I've wanted to ready this one for a long time, but didn't want to commit the time. Now it's done. I like it, but i think i like Anathem better. The author has had time to develop... The 2 books have much in common, and both start real slow and eventually build to a frenzy.
The computer stuff in Cryptonomicon is interesting and almost right, but i know too much about computers and encryption to find this stuff cool. The really cool thing about this book (as it is about Anathem) is how Stephenson is able to build a crazy alternative world that is completely insane and also completely real, so much that you start to question the reality of the so-called real world. Did it really happen this way? Well, didn't it?
Quotes:
As nightmarishly lethal, memetically programmed death-machines went, these were the nicest you could ever hope to meet.
Fifteen seconds later, Randy was out on the sidewalk, swiping his card through a pay phone like an assassin drawing a single-edged razor blade across the throat of a tubby politician.
As soon as he got through the formalities at the airport, he perceived that the Philippines are, like Mexico, one of those countries where Shoes Matter.
Bobby soon learns the trick that his father and his uncles and granduncles all knew [about war], which is that you never talk about the specifics of what happened over there.
Waterhouse has been trying to invent a new cryptosystem based upon alternative systems of pronouncing words and hasn’t said anything in quite a while.
we find ourselves in the oddest situation that has ever faced a pair of allies in a war.

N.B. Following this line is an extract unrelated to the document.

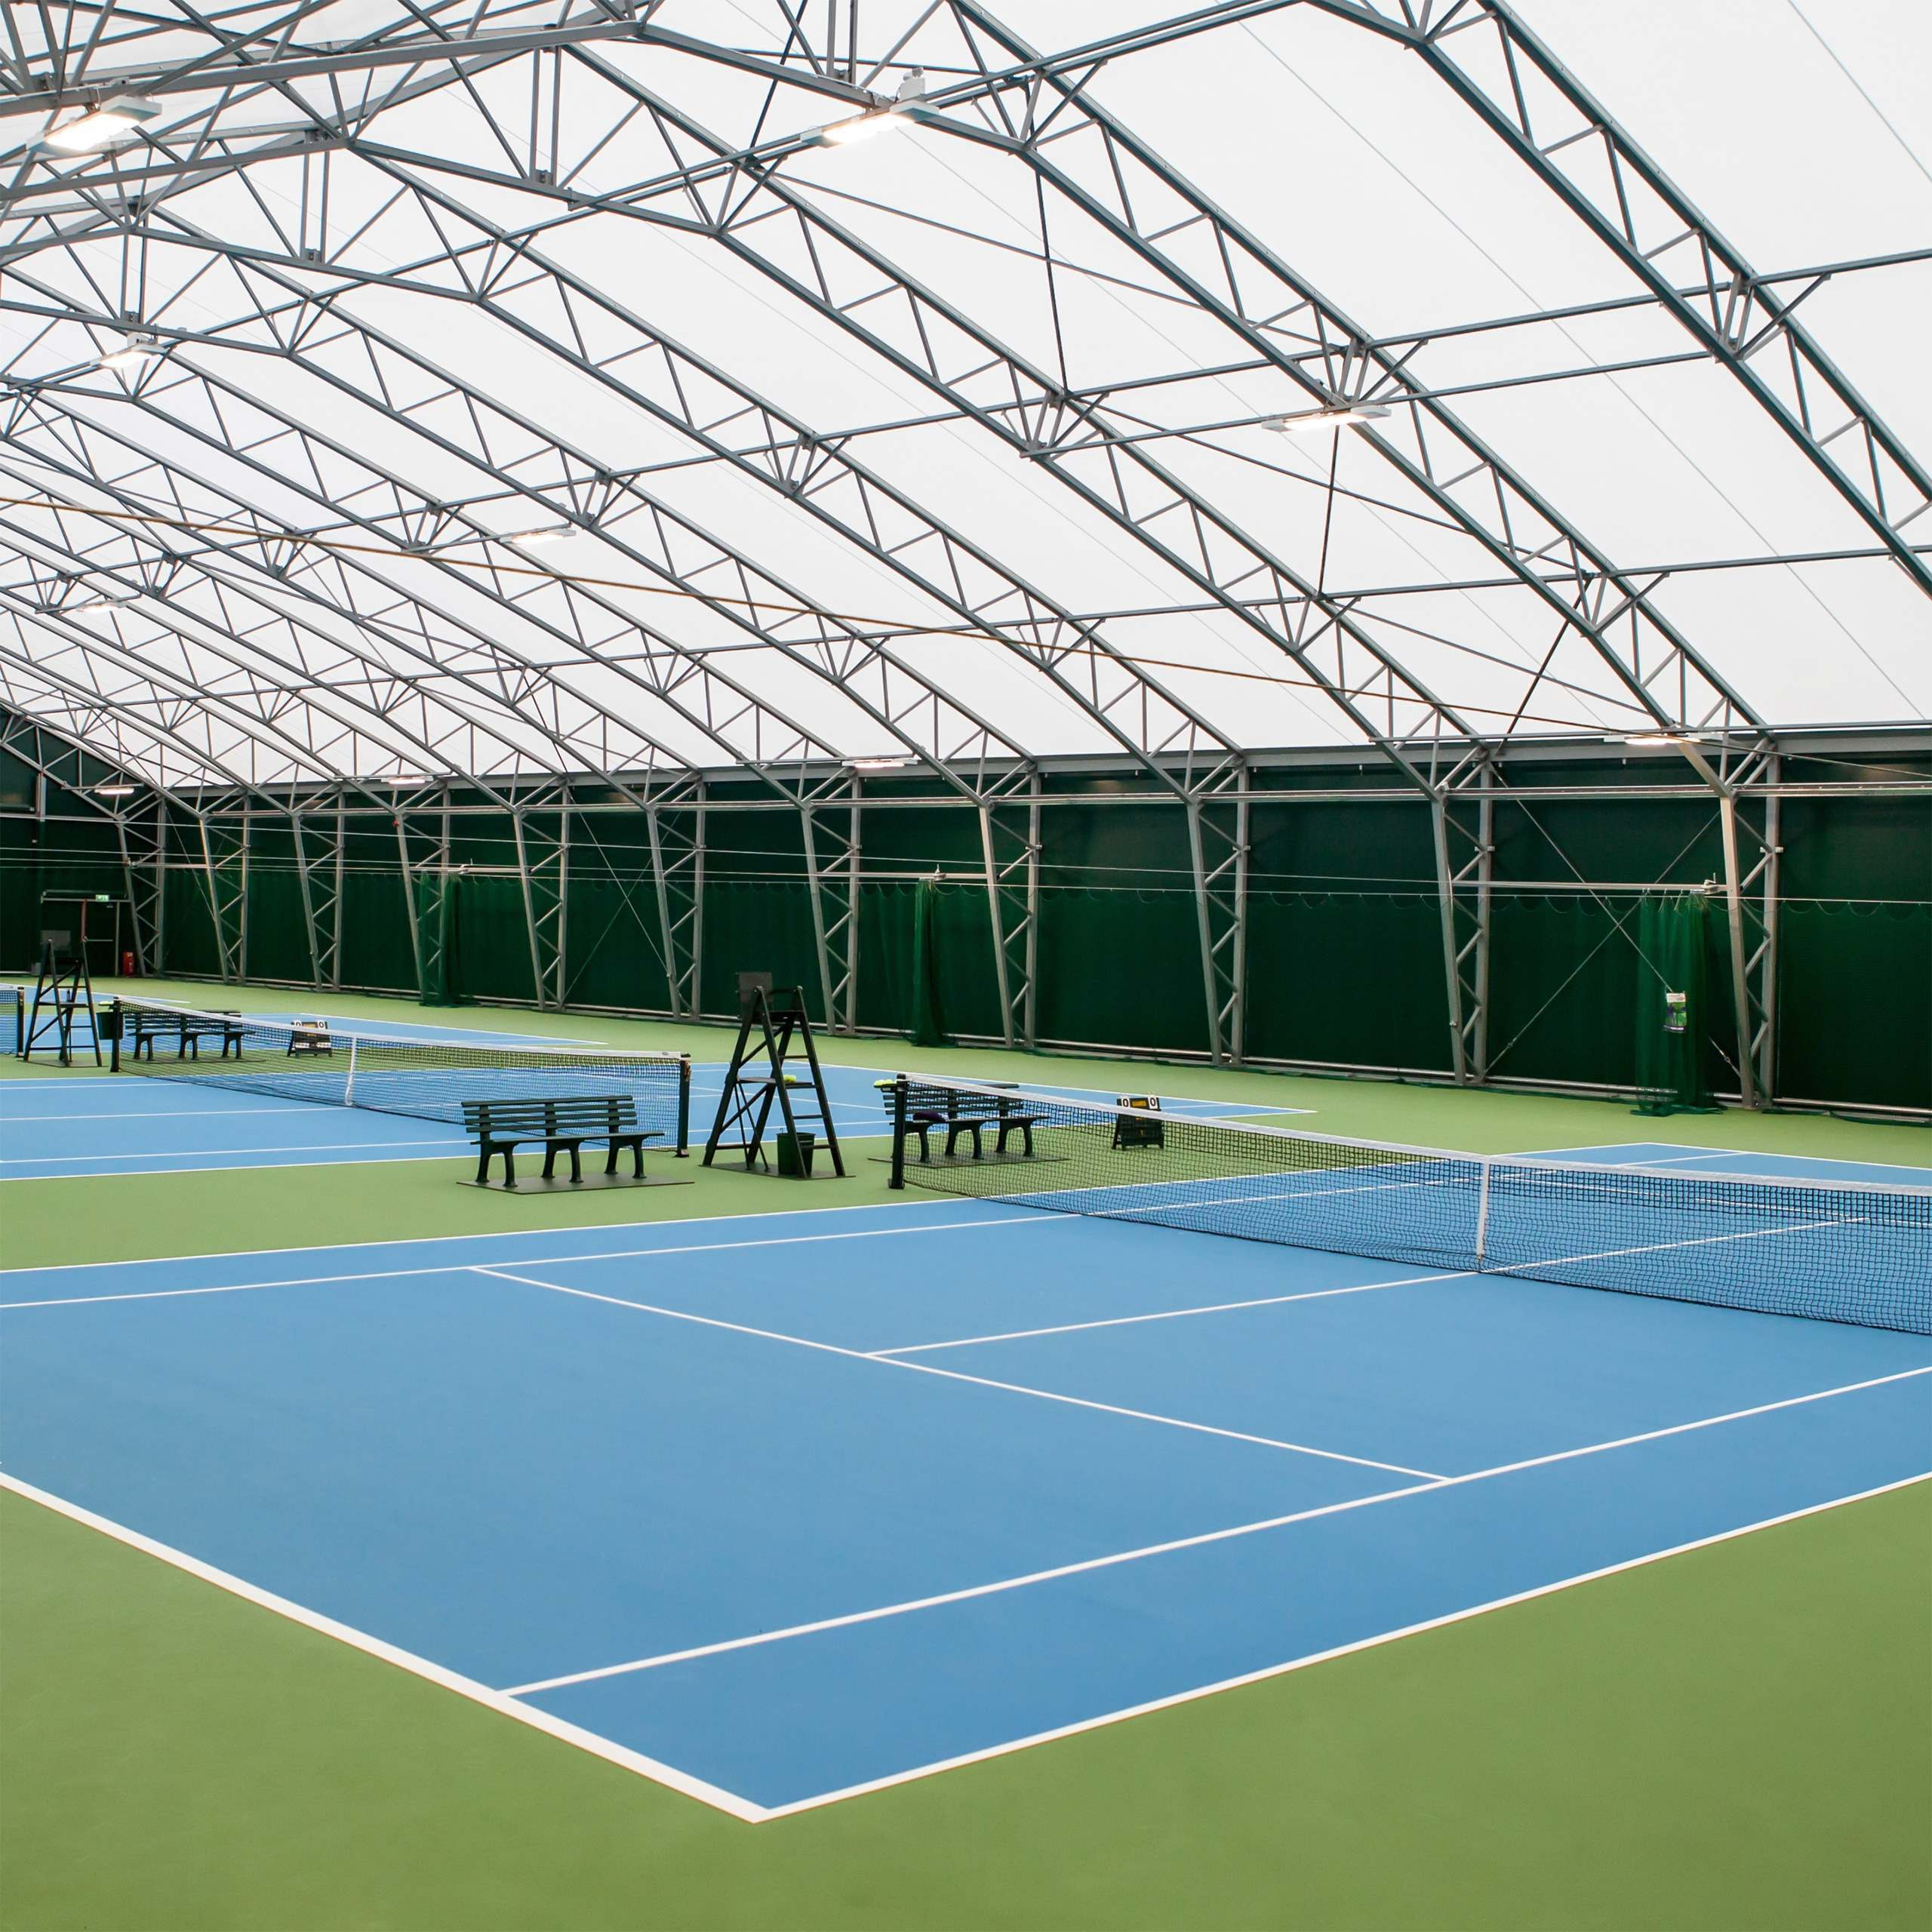 Vermont Tennis Court - Nets & Posts #2
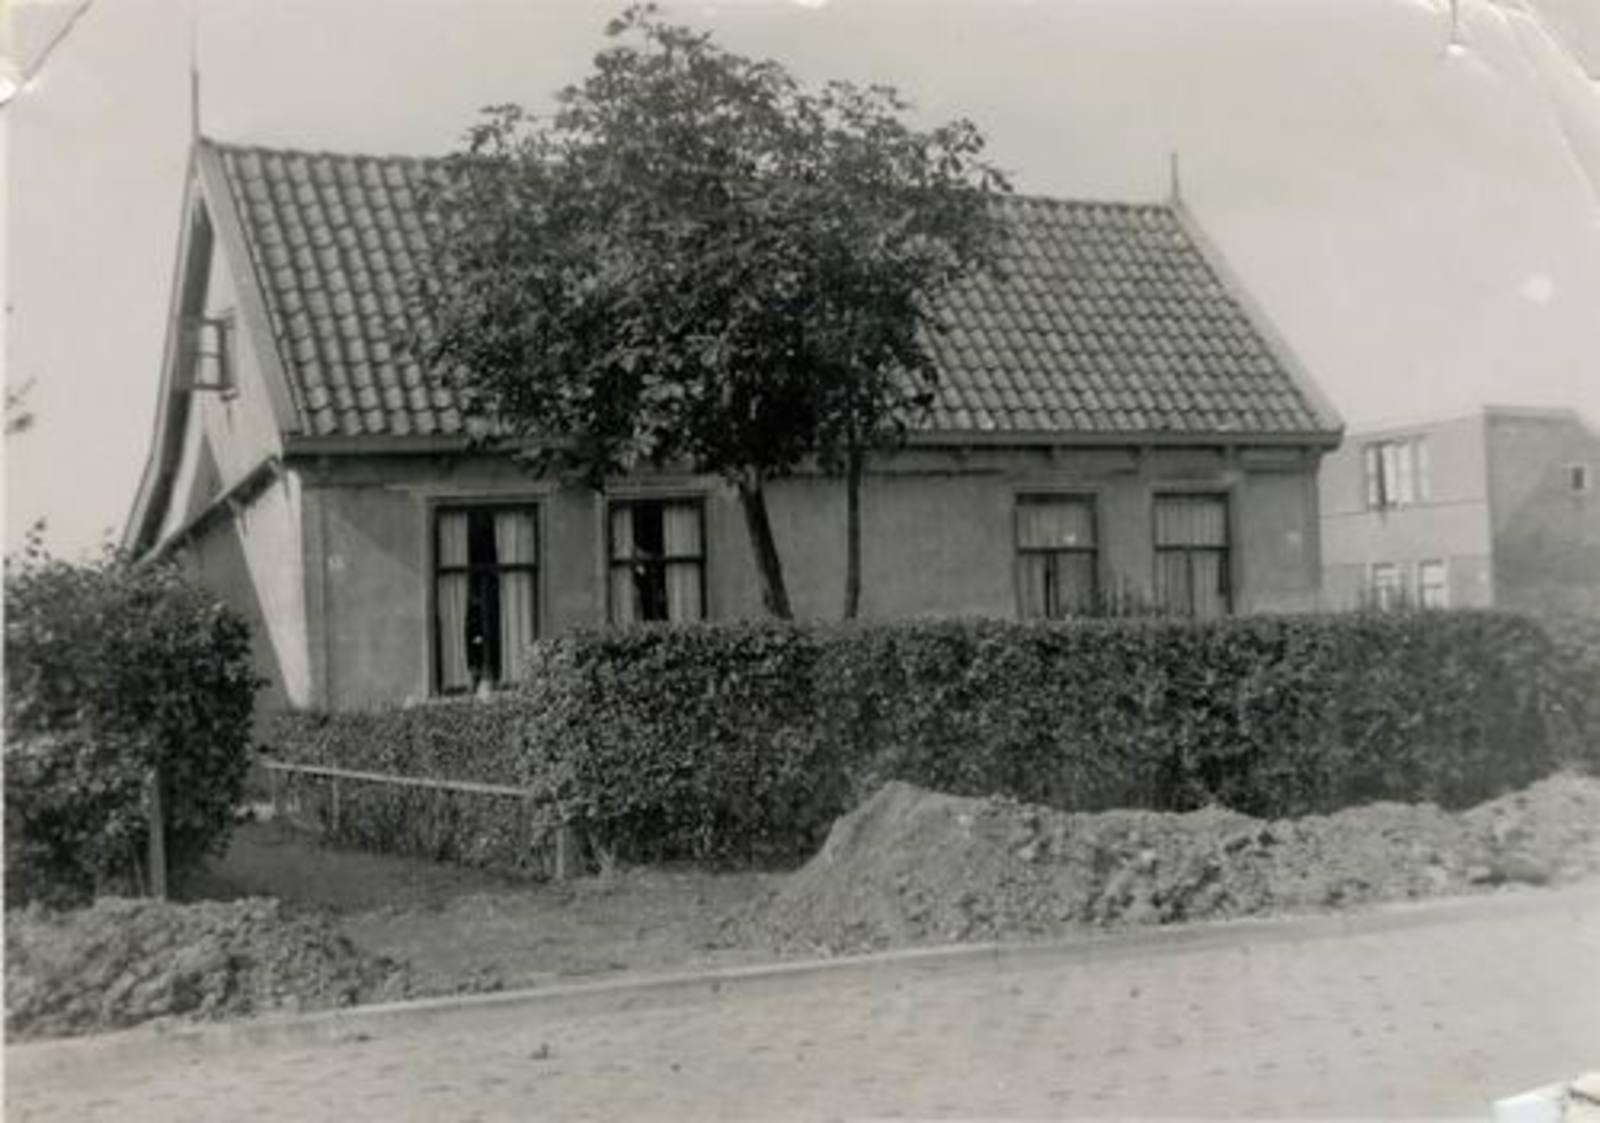 Concourslaan Z 0031-33 Huize Gerrit Dekker_2

We know everything, Commander Waterhouse.
He knows that these demure girls, obediently shuffling reams of gibberish through their machines, shift after shift, day after day, have killed more men than Napoleon.
“Windows 95, for games and when I need to let some lamer borrow my computer temporarily,” Avi says. “Windows NT for office type stuff. BeOS for hacking, and screwing around with media. Finux for industrial-strength typesetting.”
It would be an idyllic tropical paradise if not for the malaria, the insects, the constant diarrhea and resulting hemorrhoids, and the fact that the people are dirty and smell bad and eat each other and use human heads for decoration.
THE UNITED STATES Military (Waterhouse has decided) is first and foremost an unfathomable network of typists and file clerks, secondarily a stupendous mechanism for moving stuff from one part of the world to another, and last and least a fighting organization.
“It seems that, while I have been sneaking around the Atlantic, doing my duty—the Führer has come up with a little incentive program.” (Bishop)
Two large black Mercedes issue from the forest, like bad ideas emerging from the dim mind of a green lieutenant.
“Well the short answer is that we won because the Germans worshipped Ares and we worshipped Athena.” (Enoch Root)
“Gold is the corpse of value,” says Goto Dengo.